Encryption is the art of making a message or other data safe for delivery over a medium where it may be intercepted by an unintended party. I say art because at least it often seems that way. It can be a very complex topic, made moreso by an often confusing array of (dis)information from mainstream media, technical media, software/hardware vendors, (quasi-)security experts, and white/gray/black hat crackers. I encourage developers who are attempting to understand encyption enough to implement systems which use it to read as much as they can on the topic, but with an extremely critical eye. I will attempt to share some information from my own experiences here, in a very small series of articles on the topic.
Today, I will cover some broad theory and general dos and don'ts. In the near future, I will share some more detailed information regarding actual implementation in code. Finally, I will share a library I developed for .NET developers to encapsulate some encryption code which does not always behave as one might intuitively expect.
What is Encryption? What is it Not?
Encryption involves four specific items:
- Plaintext Data is the data you are protecting. 'Plaintext' is the term frequently used, but this does not literally need to be text.
- A Cypher Algorithm is the method you are using to protect the data. You can think of this as the literal code implementation.
- A Key is the 'secret ingredient' which is used with the cypher and the plaintext. Just as with a lock on a door, one must possess the key - or be able to fake the key - to lock or unlock what is being protected. Sometimes a key actually has multiple parts, such as in asymmetric algorithms, which have 'public' and 'private' keys.

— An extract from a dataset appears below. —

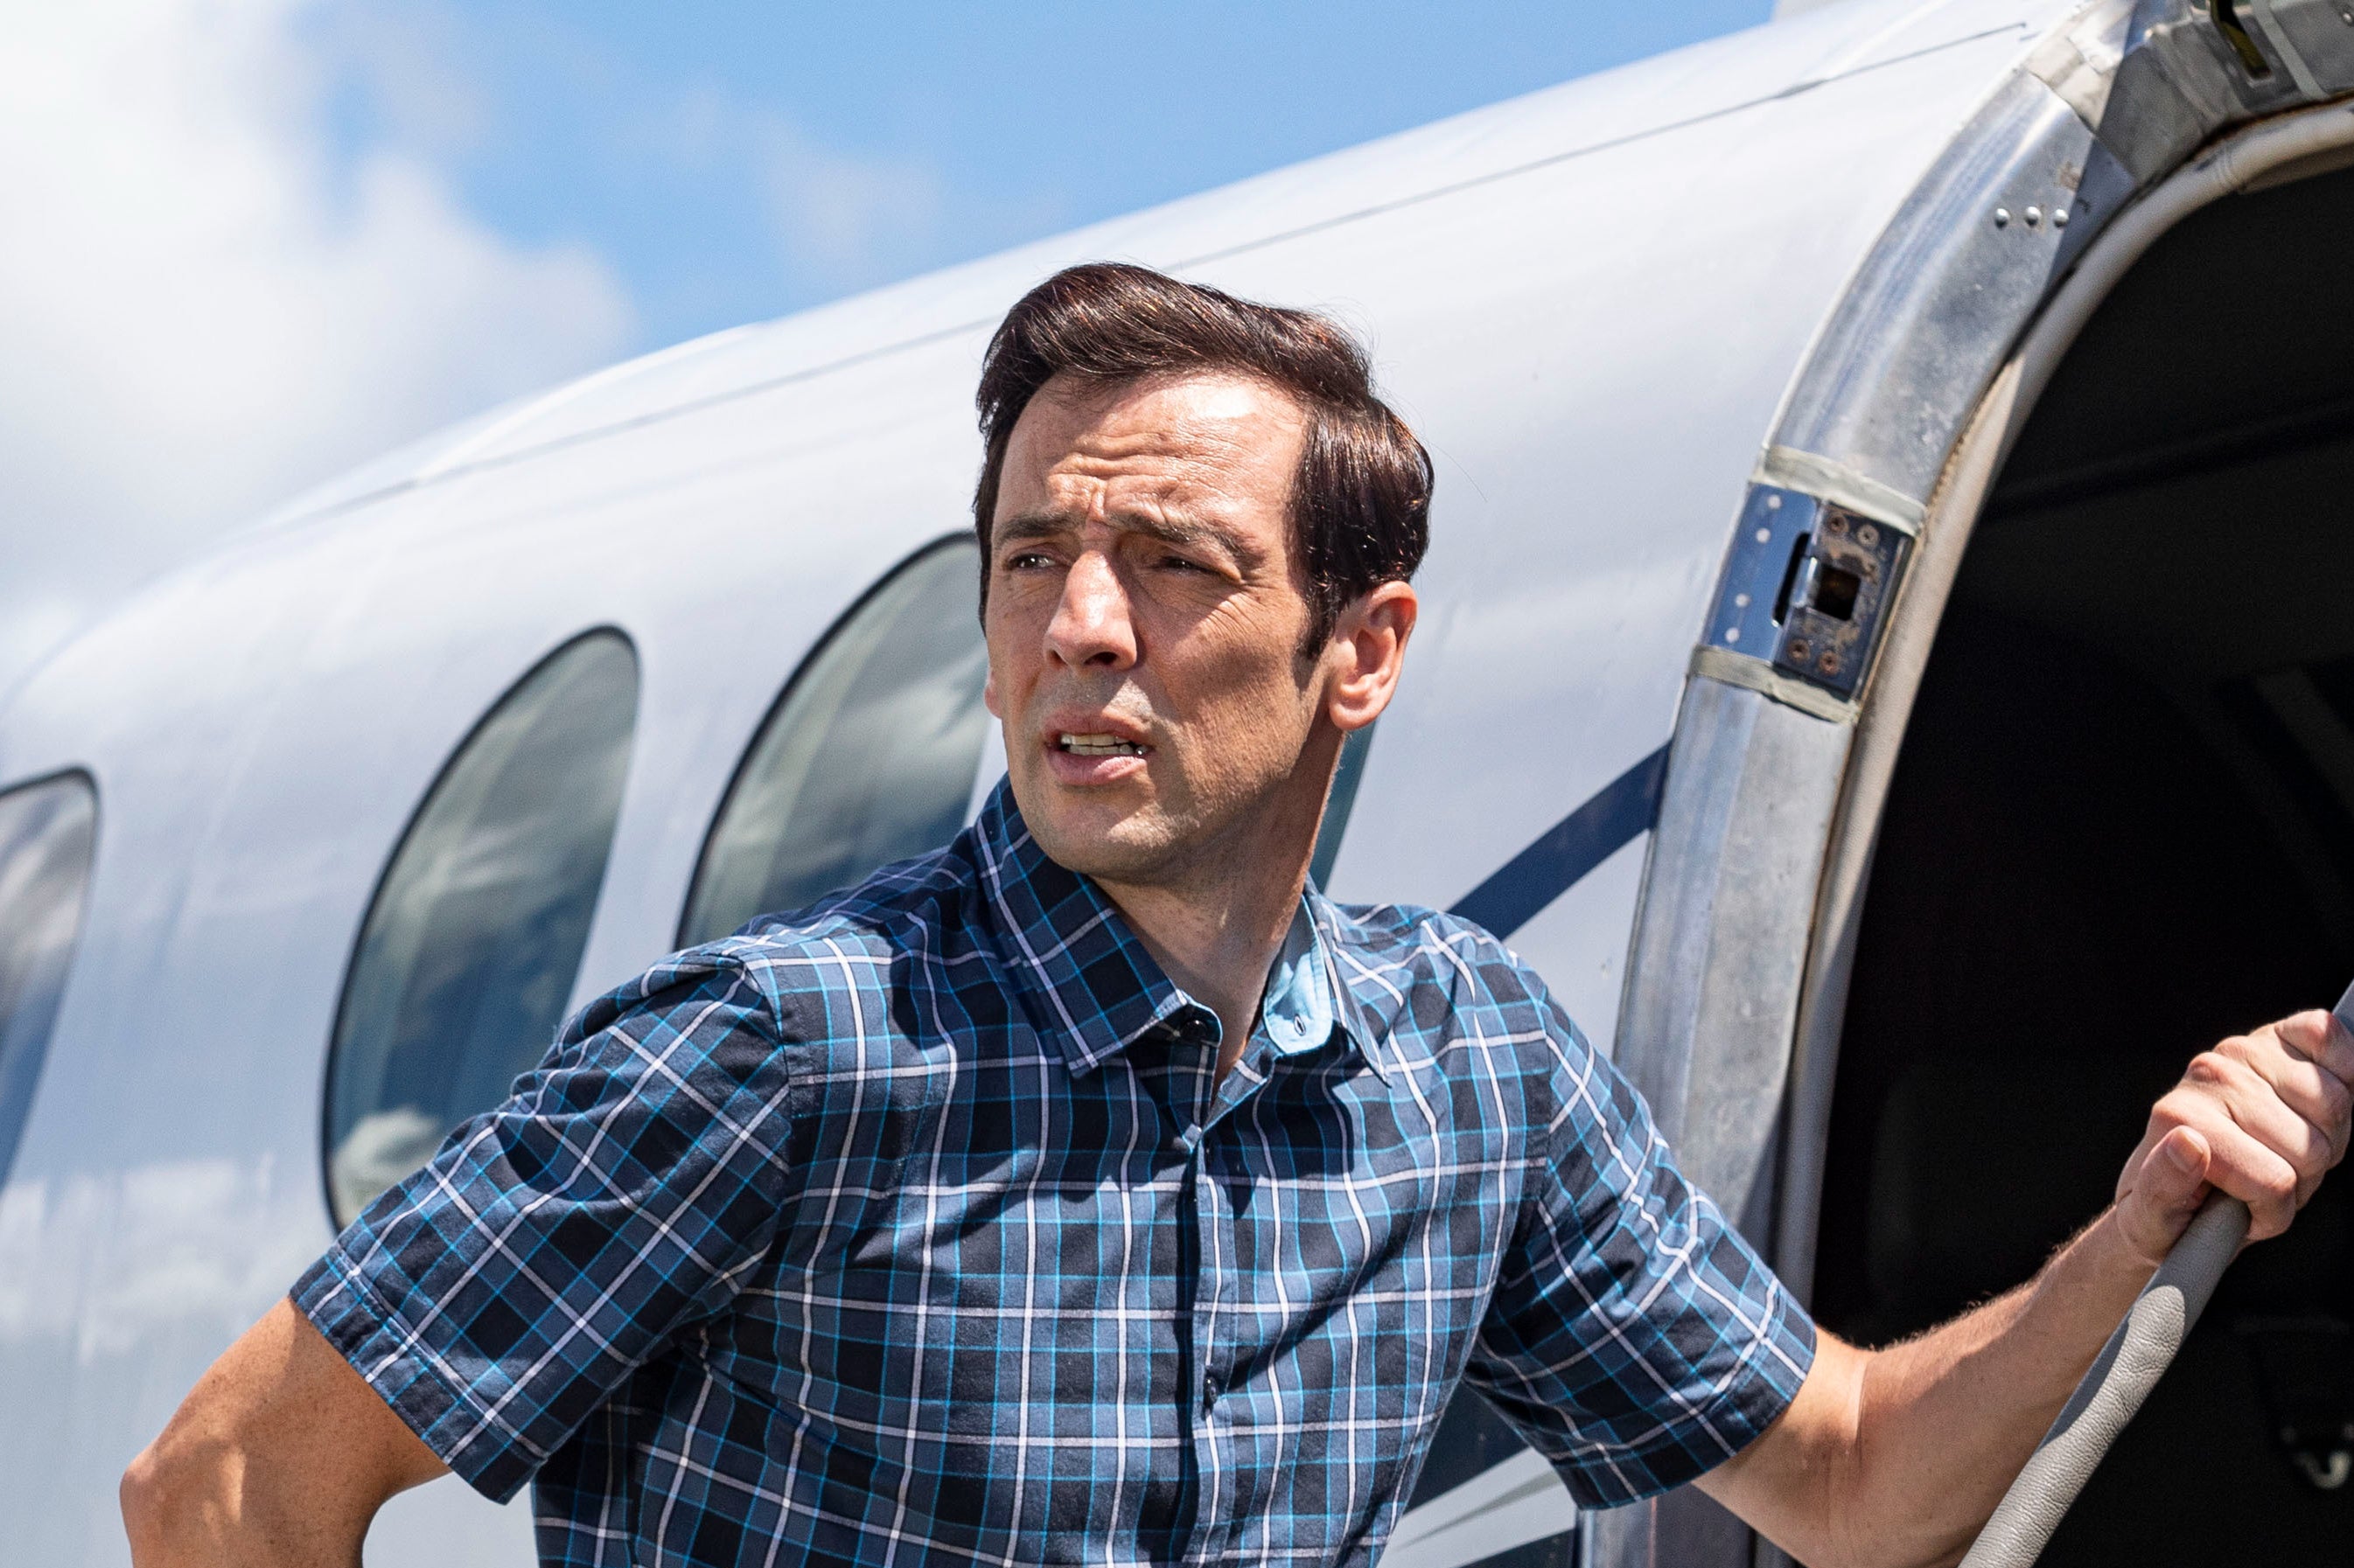 Ralf Little in his final season of ‘Death in Paradise’

- Cypher Text is the data after the key and cypher have been applied, and is the information which is transmitted over the 'public' means, such as the Internet. Again, use of the word 'text' is not meant to limit this only to being literal text. The ideal result of encryption is that anyone at all can get hold of your cypher text, and they should not be able to figure out what the original message was.

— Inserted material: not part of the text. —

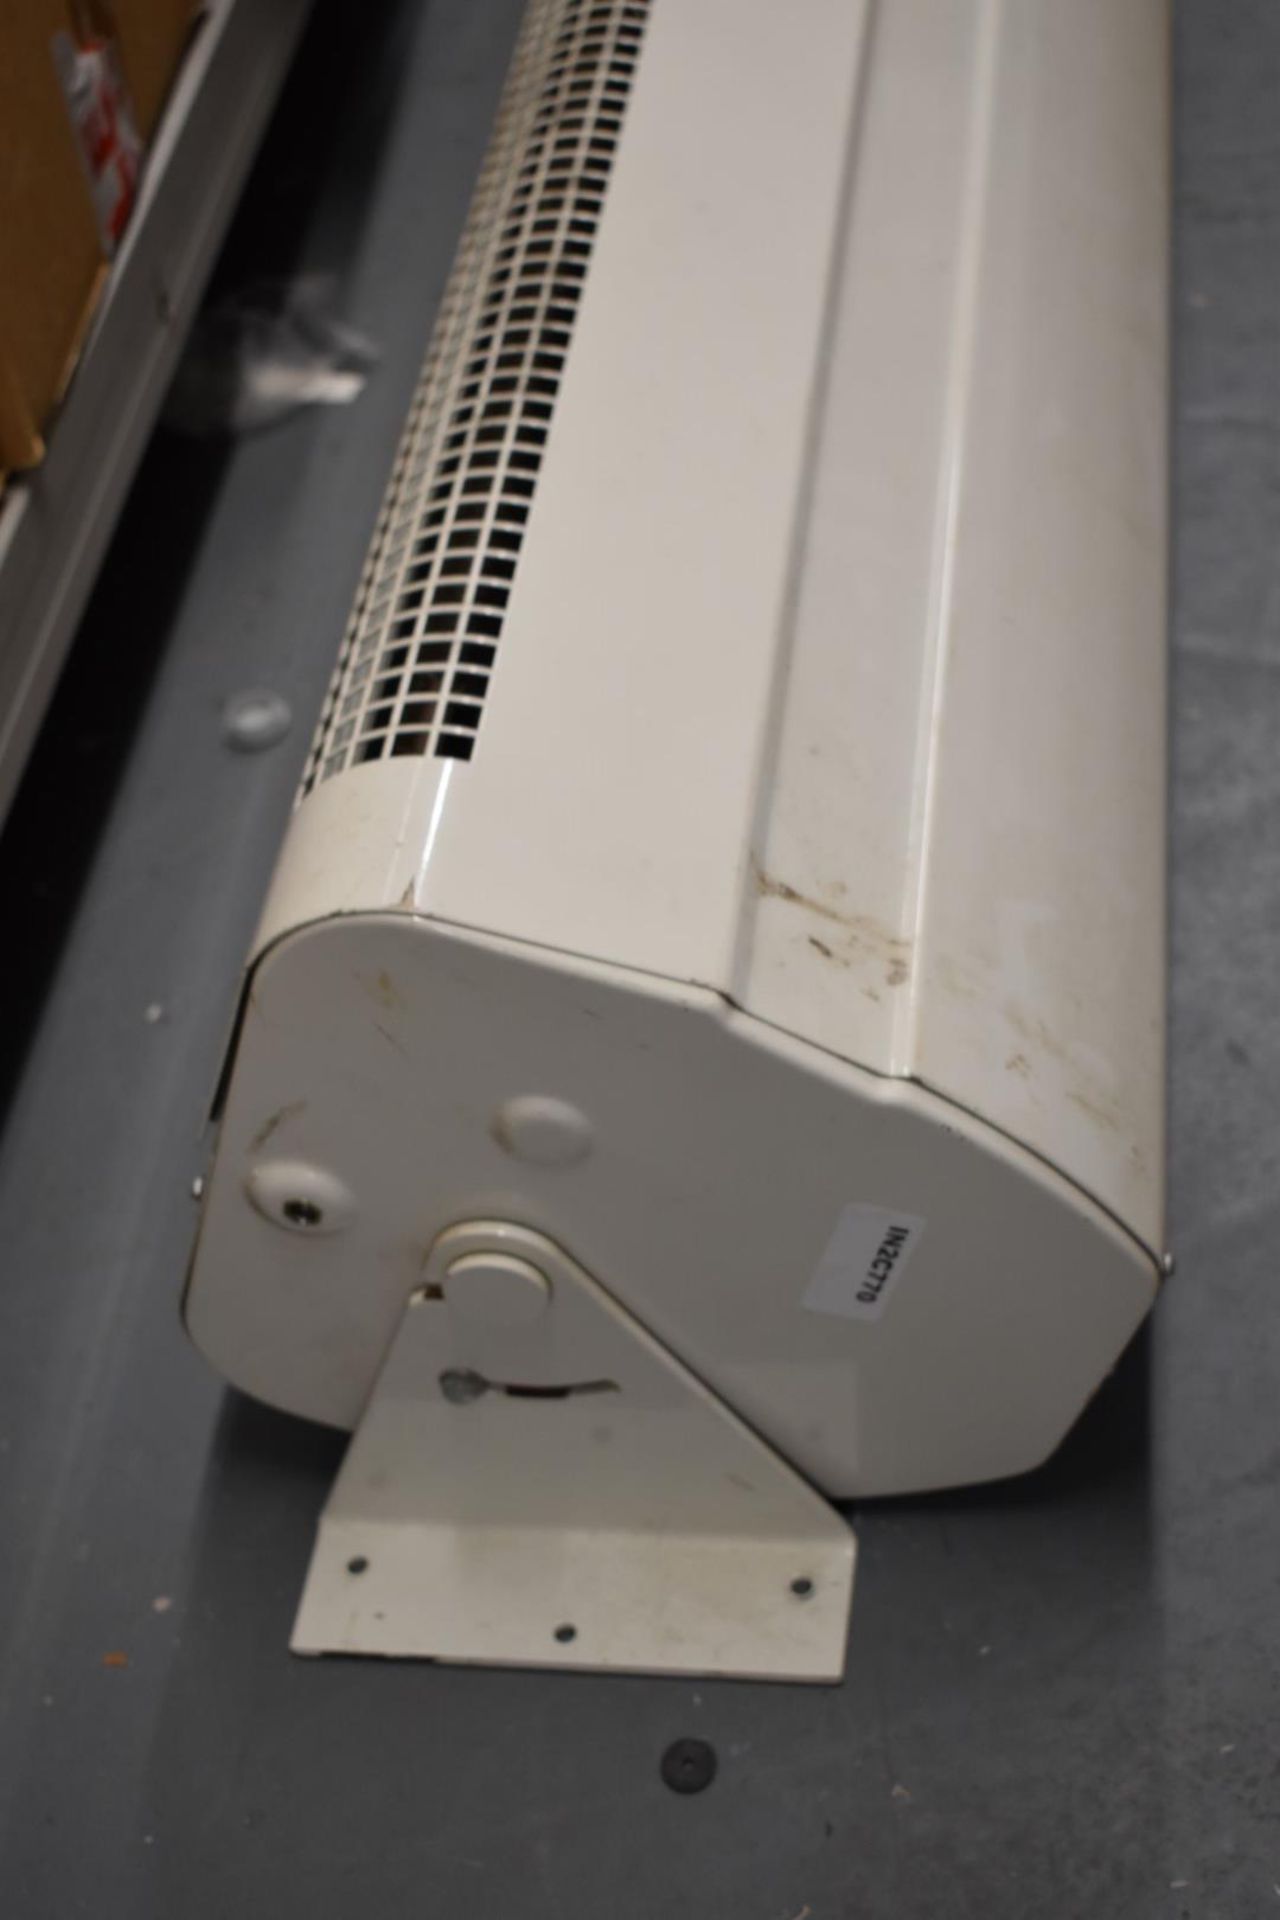 1 x Dimplex HAC60 Wall Mounted 6000w Heater and Fan - 230v - Image 2 of 4

Is 'Perfect Secrecy' Possible?
One-Time Pad
The name literally comes from the fact that when it was originally conceived of and used, the key would be written on two pads
of paper, one for each conversant. As the key data one one page was used up, it was to be torn off and discarded. Any re-use
of the key data would make it fairly easy to crack the code. So, the pad could only be used one time. The messages, therefore,
had to be extremely short.
It is said that at one time long ago, Russian spies used the one-time pad to encrypt messages. However, their code was broken by the
NSA. Why? Because they began to re-use the key data.
One-Time Pad FAQ
Practically? No. Literally? Yes. In fact, in the early 20th century, an algorithm was created which is recognized as achieving perfect secrecy. Called a "One-Time Pad", this method generates cypher text for which it is impossible to mathematically deduce the plaintext, when used 100% correctly. However, this algorithm has a requirement that effectively makes it impossible to use correctly in the real world; for each volume of plain text being encrypted, an equal volume of key text is required, and it must constantly be generated in a truly random manner. Any reuse of key data, and any predictability in the generated keys, and it can be almost trivial to break cypher text protected with a One-Time Pad. Attempts have been made to remove the 'One-Time' nature of this cypher, but the extreme simplicity of this cypher dooms any such attempts to failure.
Most encryption algorithms, then, use the particular nature of incredibly complex mathematical calculations to allow them to reuse key data in relative safety. I won't pretend to understand the basic reasons behind why they work, but using the complex nature of prime numbers and cryptographically secure random data generation techniques, a good cypher produces cypher text which would take extremely long periods of time for large networks of fast computers to analyze - but it is always at least theoretically possible to do. As technology progresses, and chips get faster and faster, it becomes easier to break yesterday's cyphers.
One defense against that is to increase the size of the keys being used; the more random key data is used, the more difficult the cracking process is. Also, cyphers will usually have some very subtle flaw which eventually is discovered, and can then be used to greatly speed up cracking cypher text - sometimes to the point where it becomes trivial. Because of that, new cyphers and new versions of existing cyphers are always being worked on.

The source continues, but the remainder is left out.